● Data block:
++++++

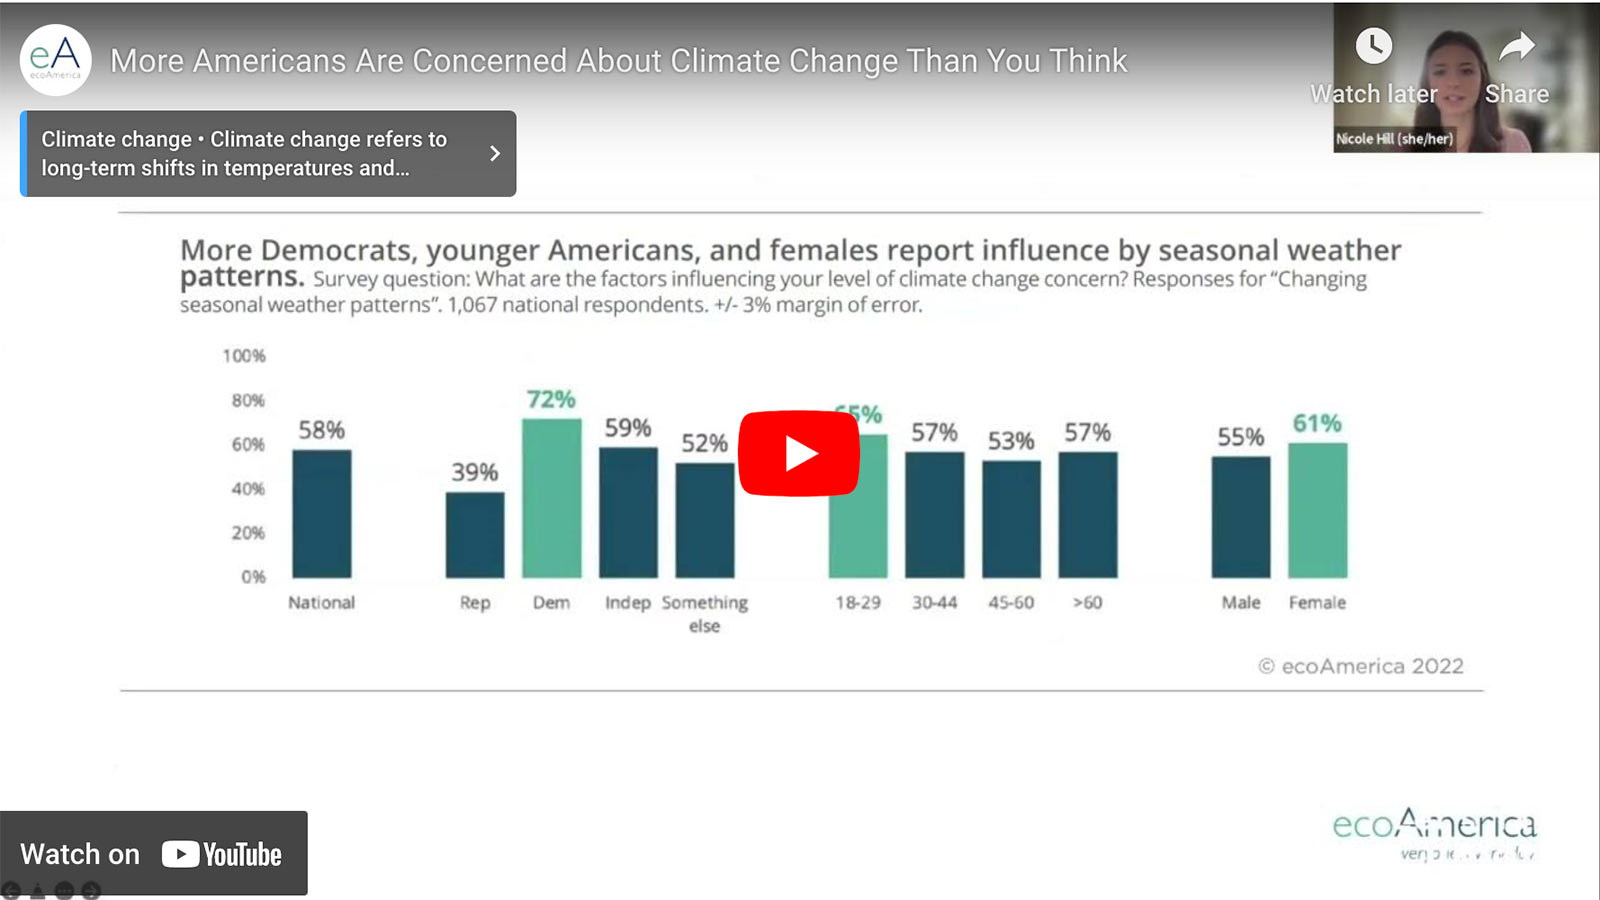 More Americans Are Concerned About Climate Change Than You Think
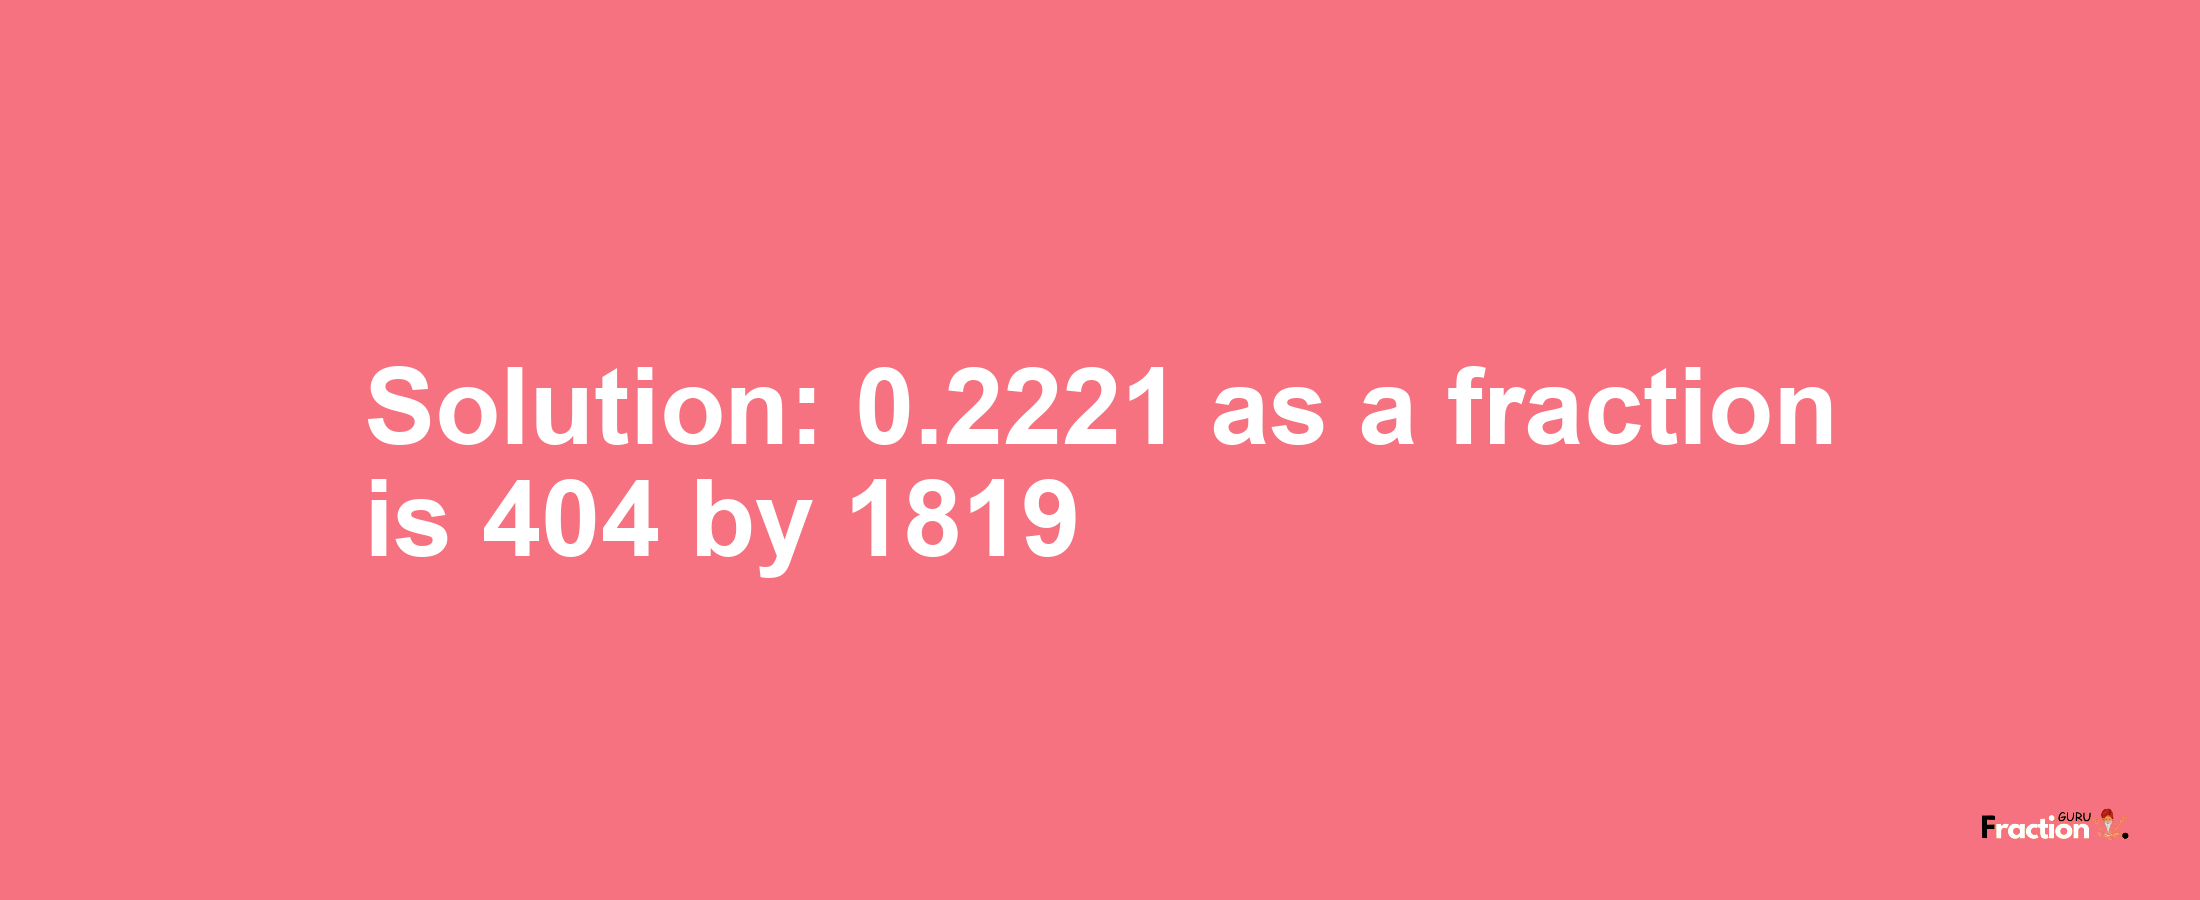 Solution:0.2221 as a fraction is 404/1819
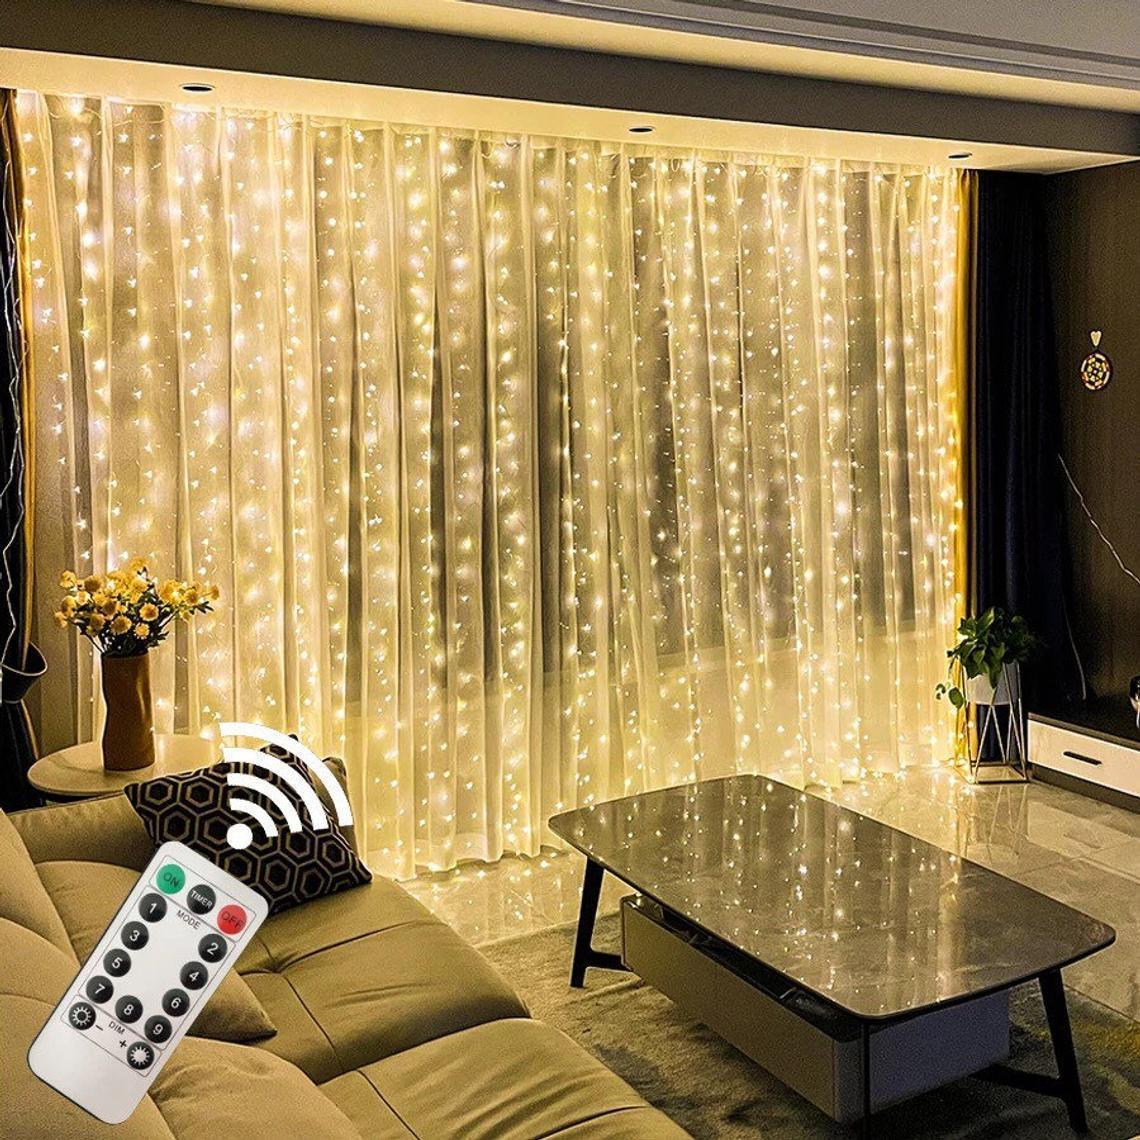 LIGHTING Window Curtain String Lights for Bedroom Decorations - If you say i do
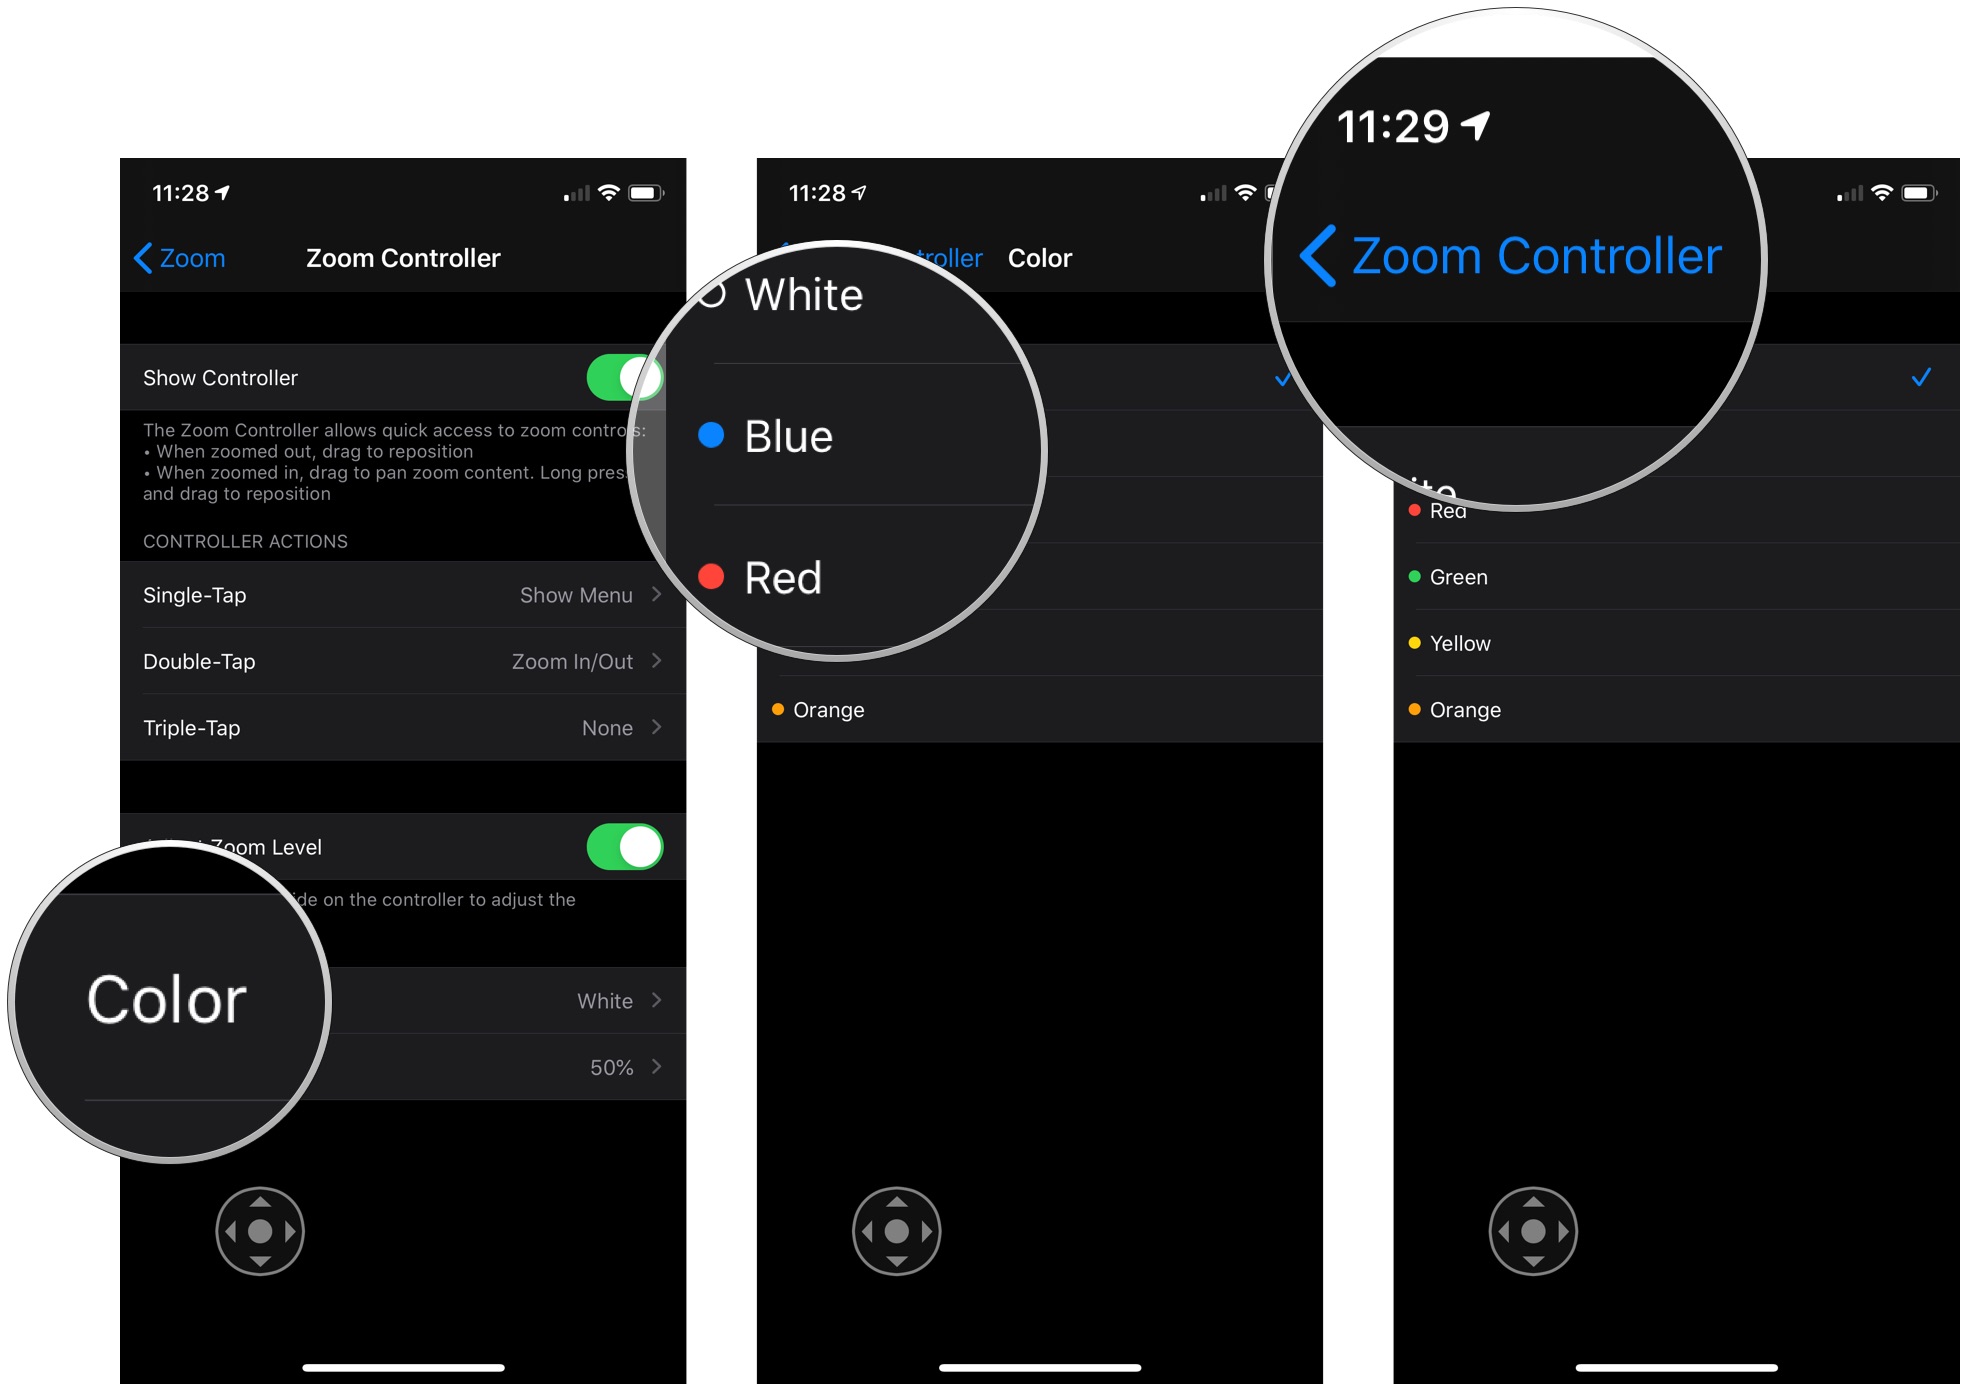 Enable the Zoom Controller showing how to tap Color, tap the color you want the Zoom Controller to be, then tap Zoom Controller to move back

++++++

● Brief: Write out each line of the listing above, exactly, from its first line to the line holding "LIGHTING Window Curtain", inclusive. Skip the pictures.

● Your solution:
 More Americans Are Concerned About Climate Change Than You Think
 Solution:0.2221 as a fraction is 404/1819
 LIGHTING Window Curtain String Lights for Bedroom Decorations - If you say i do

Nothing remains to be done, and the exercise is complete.